Food variety adds nutrients, so round out your fast-food meal with veggies, fruit, and calcium-rich foods —perhaps a salad, baked potato, carrot sticks, fruit, juice, milk, or frozen yogurt. In most fast-food restaurants your options are limited. Get the most nutrition mileage from the choices you have.

Spuds

  • Order a baked potato as a side dish or an entrée. Served plain, a baked potato is fat-free and cholesterol-free, with almost no sodium. It also supplies starches (complex carbohydrates), fiber, vitamin C, and other vitamins and minerals.
  • Go easy on higher-fat toppings: bacon, sour cream, and butter. For more nutrients and usually less calories and fat, top with broccoli, salsa, chili, or cottage cheese. Along with a salad and milk, a broccoli-cheese spud or a chili spud make a nutritious meal!
  • Go easy on fries to limit calories and fat in an already higher-fat meal. Or ask for the small order, then share. French fries offer some vitamin C.
  • If you have the option, ask for a plain baked potato or mashed potatoes to control calories and fat. Ask for gravy on the side to control how much you add. Find out how mashed potatoes with gravy are prepared; check the nutrition information if it's posted.
  • As alternative to fries, fried onion rings, fried okra, and hush puppies, order corn on the cob, green beans, or baked beans. For corn, ease up on butter and salt.

Salads

  • Order a garden salad with dressing on the side.

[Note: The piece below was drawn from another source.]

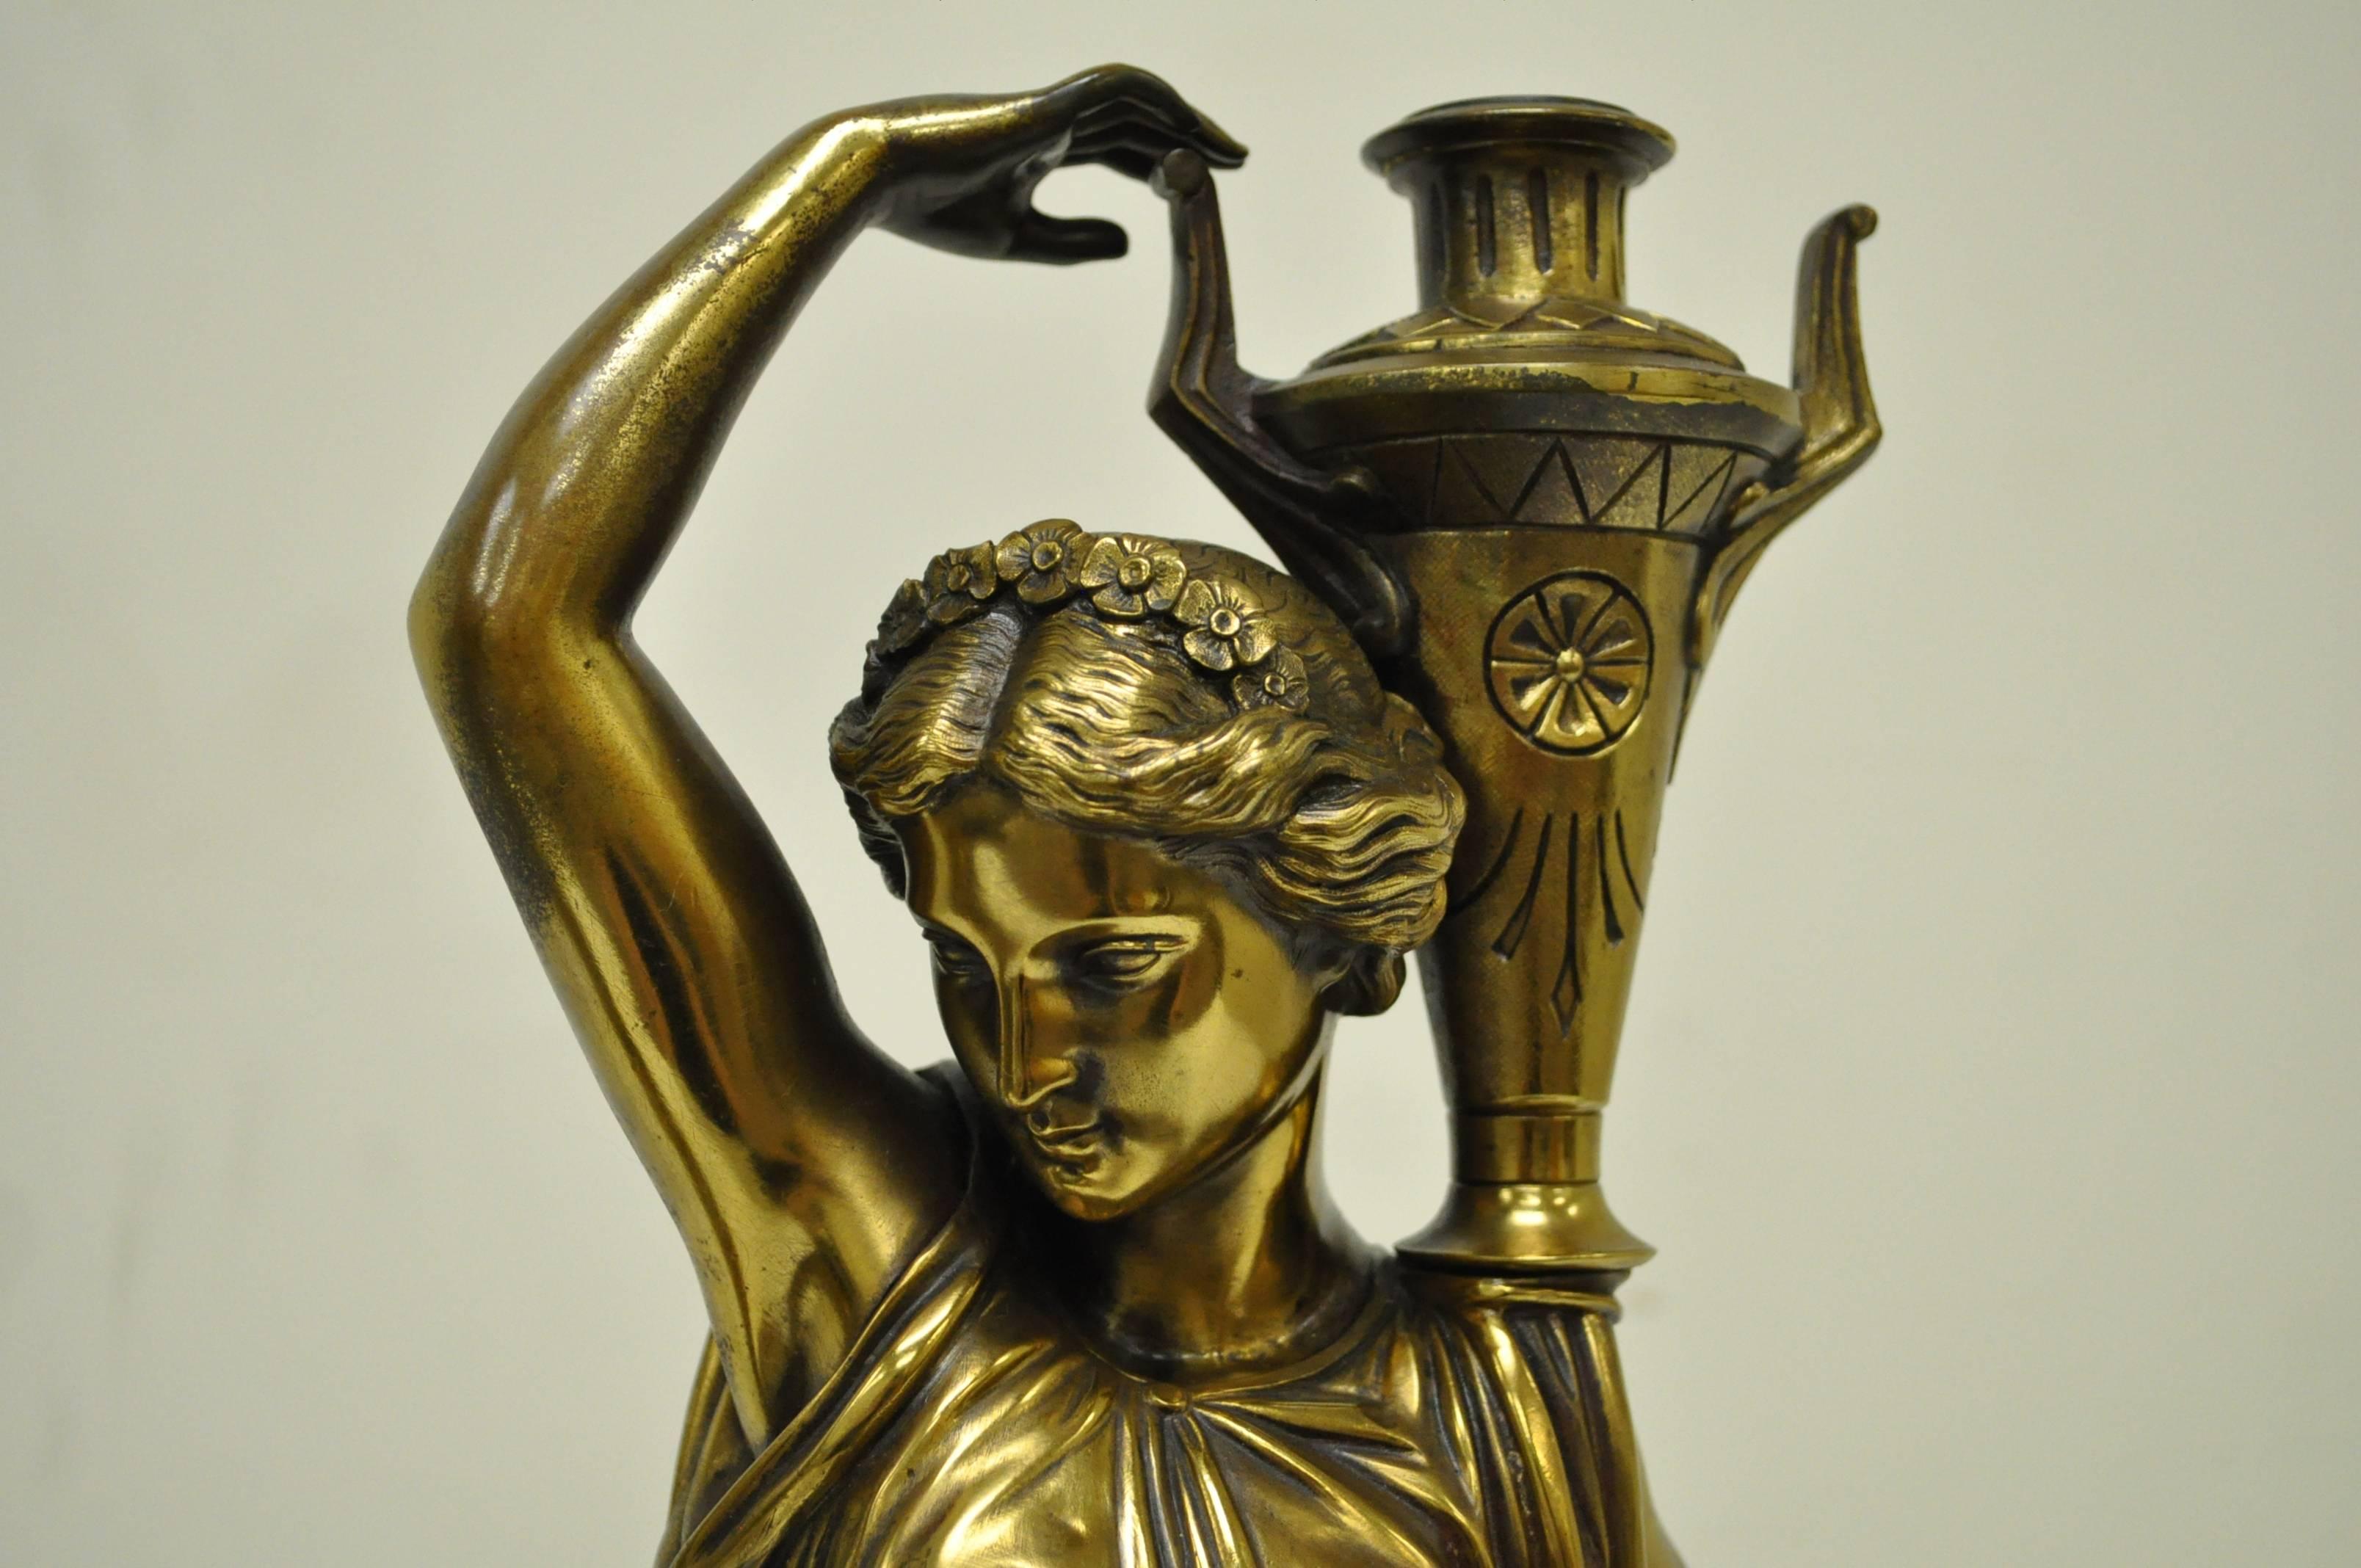 Paire de statues figuratives de qualité en bronze du 19ème siècle. La paire présente des vierges tournées vers la gauche et la droite tenant des récipients en forme d'urne. Le moulage est de qualité supérieure, comme en témoignent les drapés, les

Use a reduced-fat or fat-free dressing. For salad bar tips, see "Sizing Up Salad Bars " earlier in this chapter.
  • Go easy on prepared salads with a lot of mayonnaise or salad dressing, such as creamy coleslaw, potato salad, or macaroni salad. They have more fat than salads with a vinaigrette dressing, such as coleslaw or three-bean salad.
  • Order a container of raw veggies or fruit chunks, or whole fruit if you can.
  • Enjoy flavorful entrée salads (easy on the dressing) from most fast-food chains.

Beverages

  • Make beverages count! For flavor and nutrients, round out your meal with milk or juice. Many fast-food chains offer reduced-fat and fat-free milk. For a flavor switch, try chocolate or other flavored milk.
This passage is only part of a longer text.